=== Data provided ===

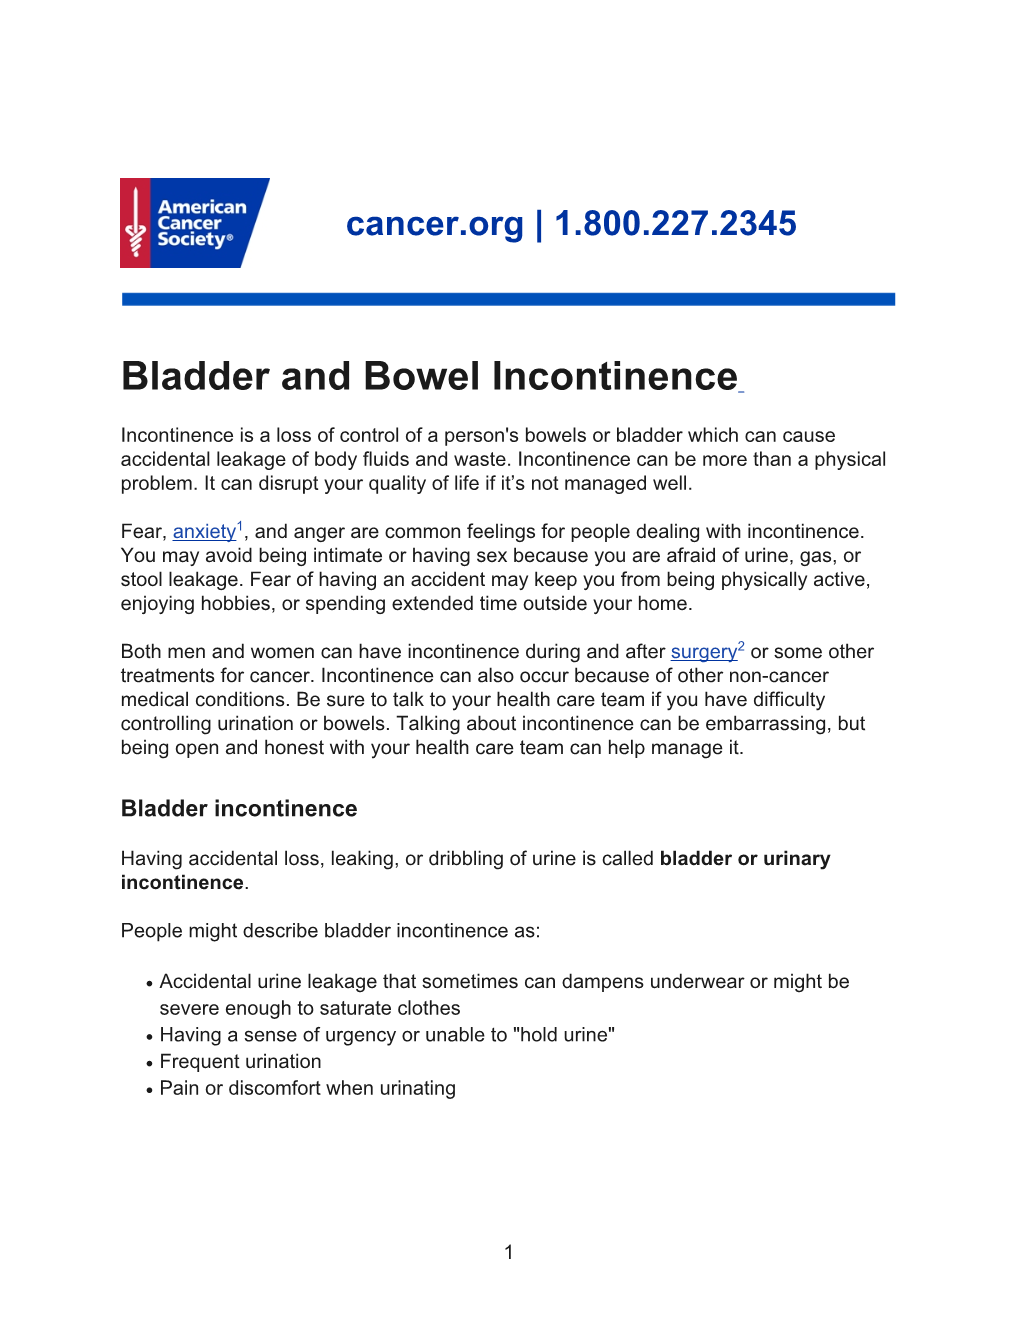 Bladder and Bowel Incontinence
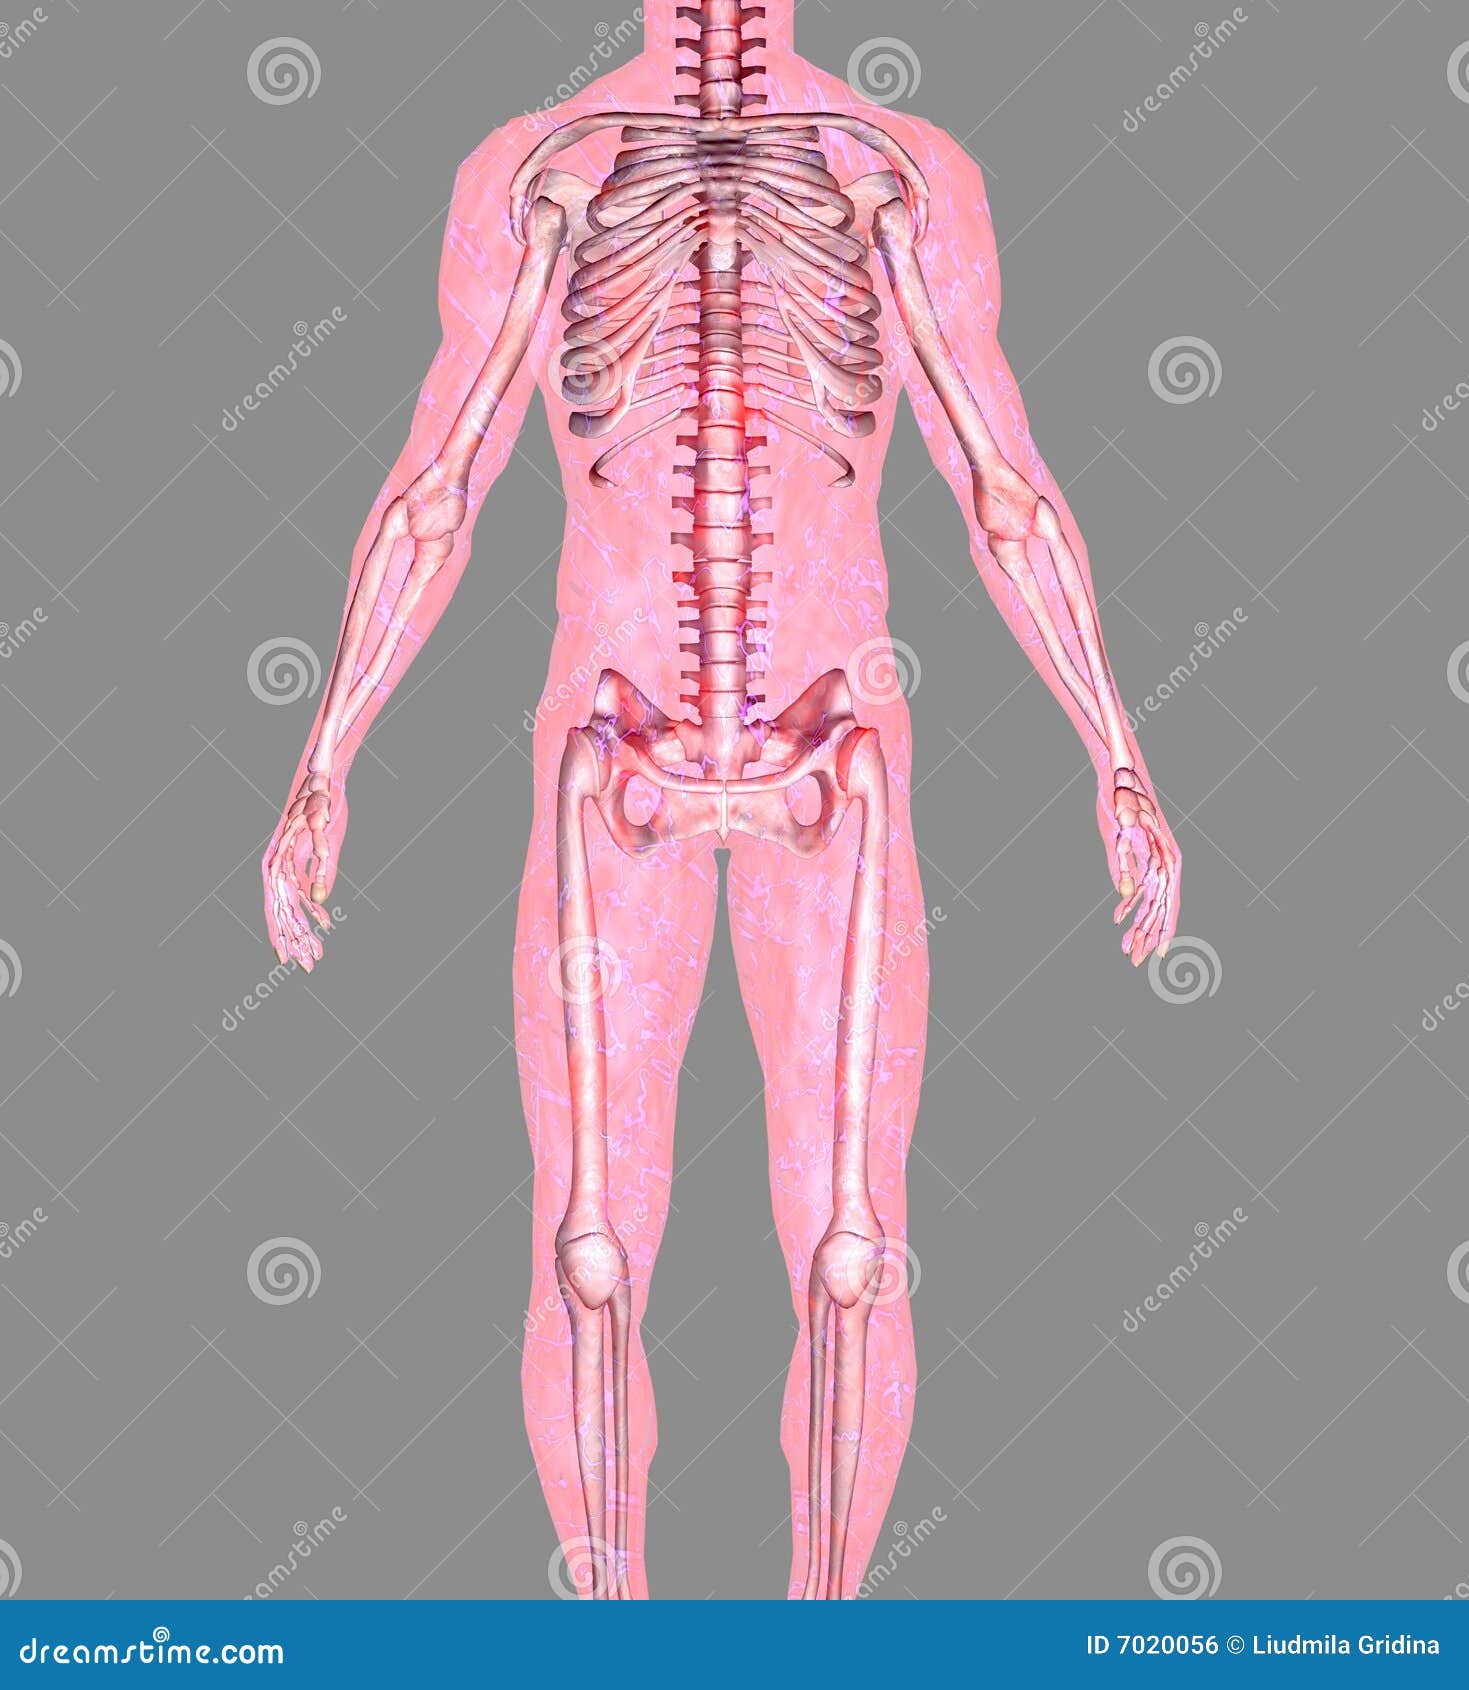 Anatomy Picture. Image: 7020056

===
=== Data provided ===

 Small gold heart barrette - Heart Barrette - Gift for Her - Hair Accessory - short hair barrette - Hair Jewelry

===

Using the data above, print only the lines starting at the one with "Bladder and Bowel Incontinence" and ending at the one with "Anatomy Picture. Image: 7020056", exactly as they stand, minus the pictures.

Answer for the task:
 Bladder and Bowel Incontinence
 Anatomy Picture. Image: 7020056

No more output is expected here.